SW level is L3.06 in case anyone cares.
Receiver is on a good quality TrippLite UPS. It's out in the open sitting on a shelf. Ambient room temp is 78 degrees.:nono2:


----------



## Jason Nipp (Jun 10, 2004)

Cap'n Preshoot;1673786 said:


> EDIT: Well I see it picked up L306 during the reboot. Hmmm... I thought that was supposed to occur overnight without disrupting prime time viewing.


NOt necessarily, the overnight update is for guide updates.

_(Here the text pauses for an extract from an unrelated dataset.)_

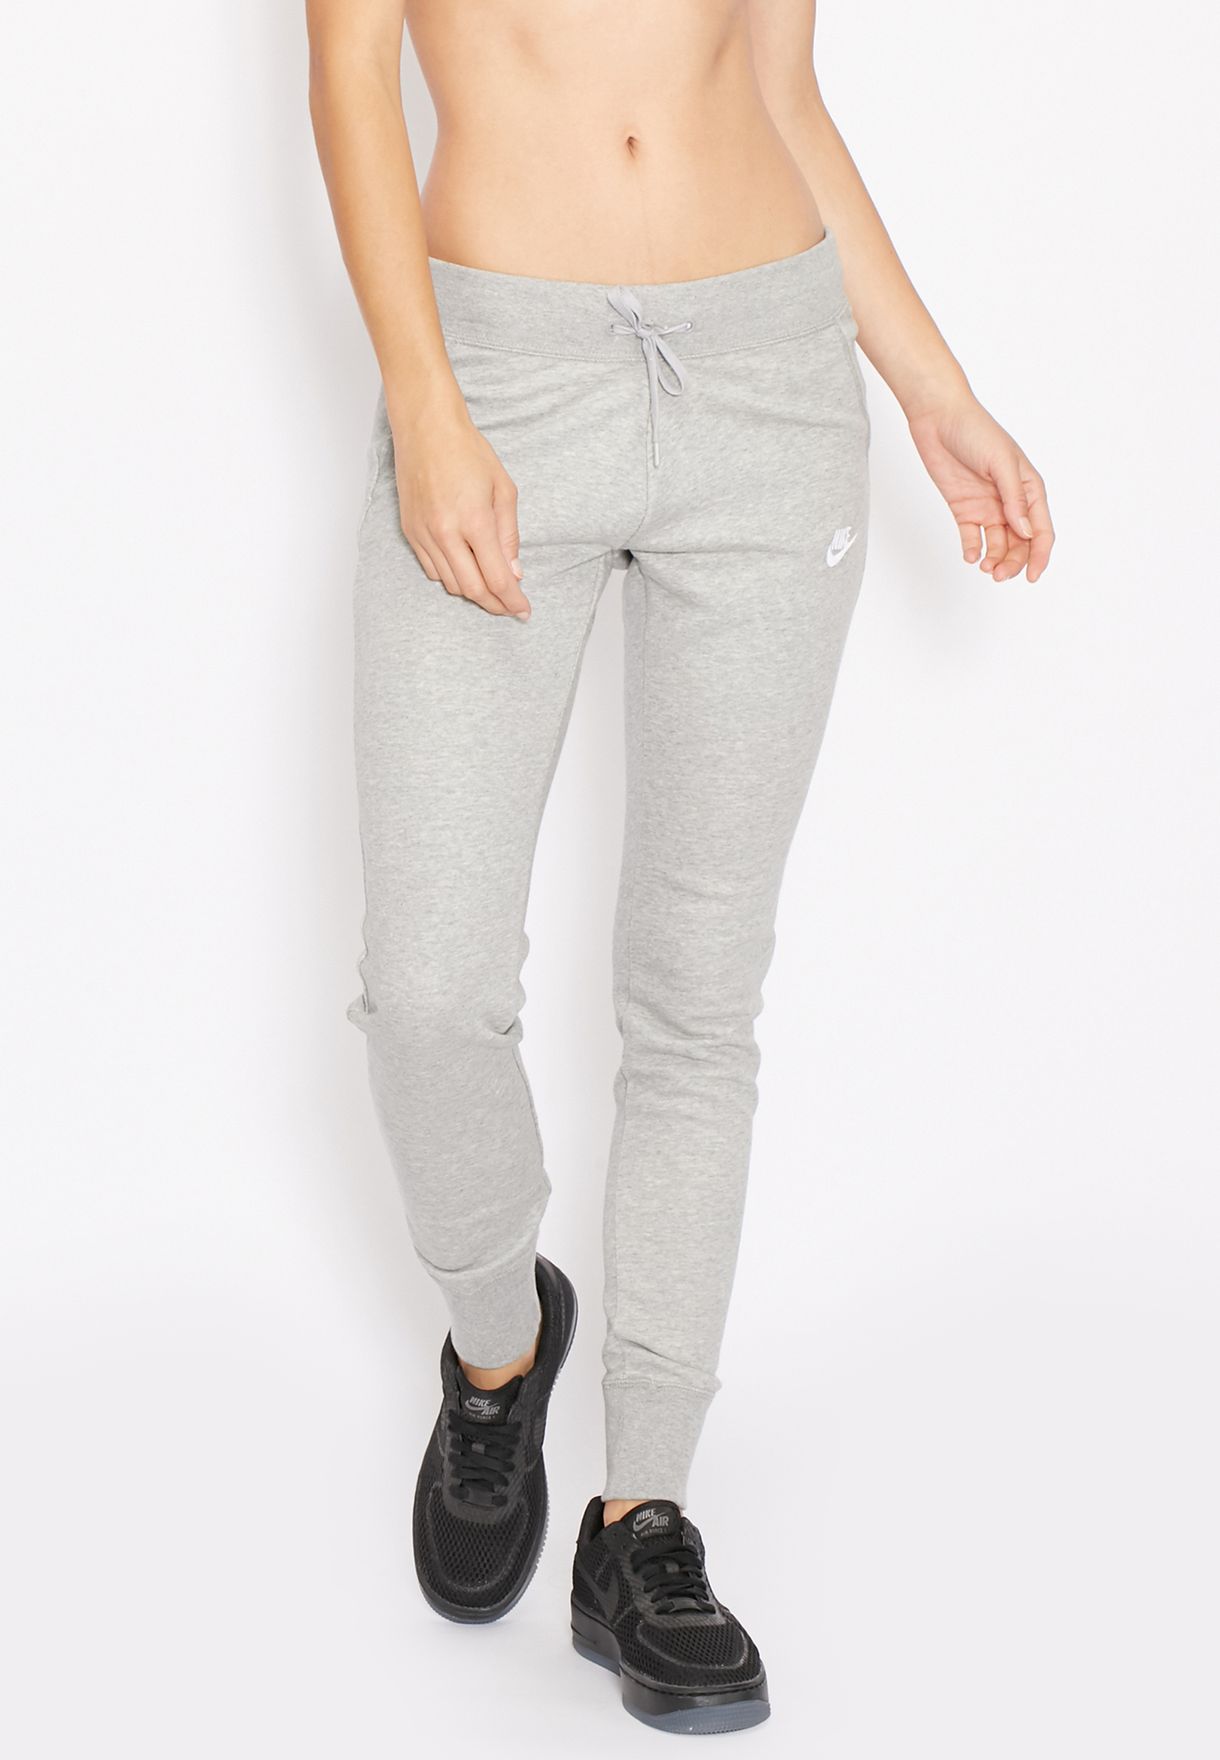 Buy Nike grey Logo Tight Sweatpants for 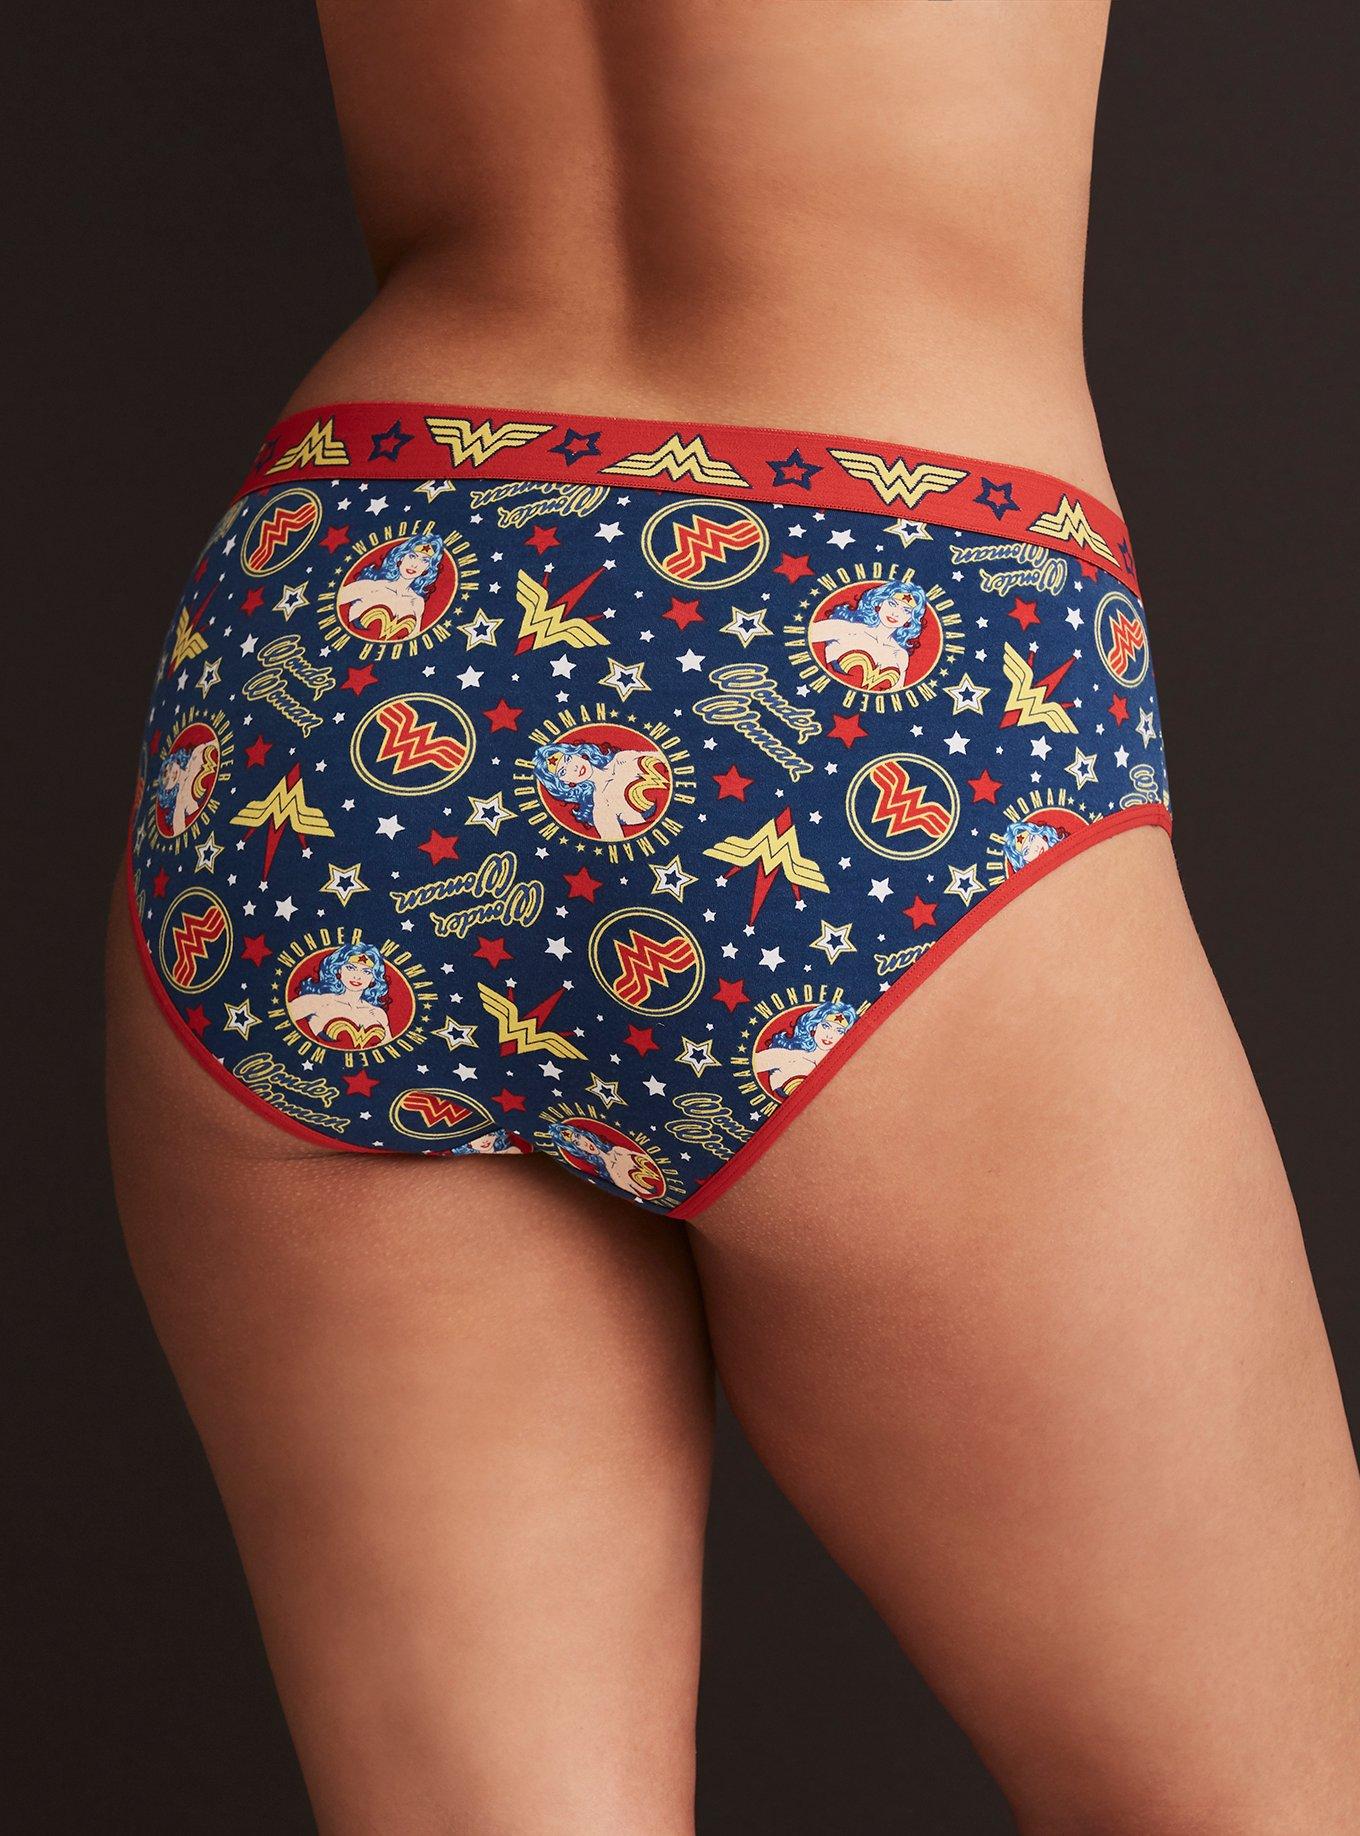 Torrid Cheeky Panties Underwear Marvel Avengers Comics Heads Plus Size 1 14  16

Firmware updates can occur anytime your receiver powers down.


----------



## Cap'n Preshoot (Jul 16, 2006)

This is really getting old.

Yesterday evening while watching the opening ceremonies of the olympics, a commercial came on and my wife pressed the 'guide' button just to see what else was on. As soon as she brought up the guide screen the little viewing window (PIP-like thing) froze and of course the guide froze. Then a popup saying it was downloading or updating the guide and this would take approx 5 minutes.

Right in the middle of watching prime-time TV??????????????? What a piece of crap!

And so we waited... and waited... after a couple of minutes the usual green progress bar had not moved and you couldn't exit-out. Indeed the system was frozen.

And so *ONCE AGAIN* I had to reboot the %@#$* thing. Gosh, we made it 10 whole days since our last "forced" reboot. Anyway, upon checking I saw that L307 had now been loaded.


----------



## davemanfl (May 8, 2005)

1 722 Backfeed via coax to my other 2 bedrooms only for DVR purposes. And 2 211s in each bedroom. All is good as OP said cant stand the FAN noise of a DVR


----------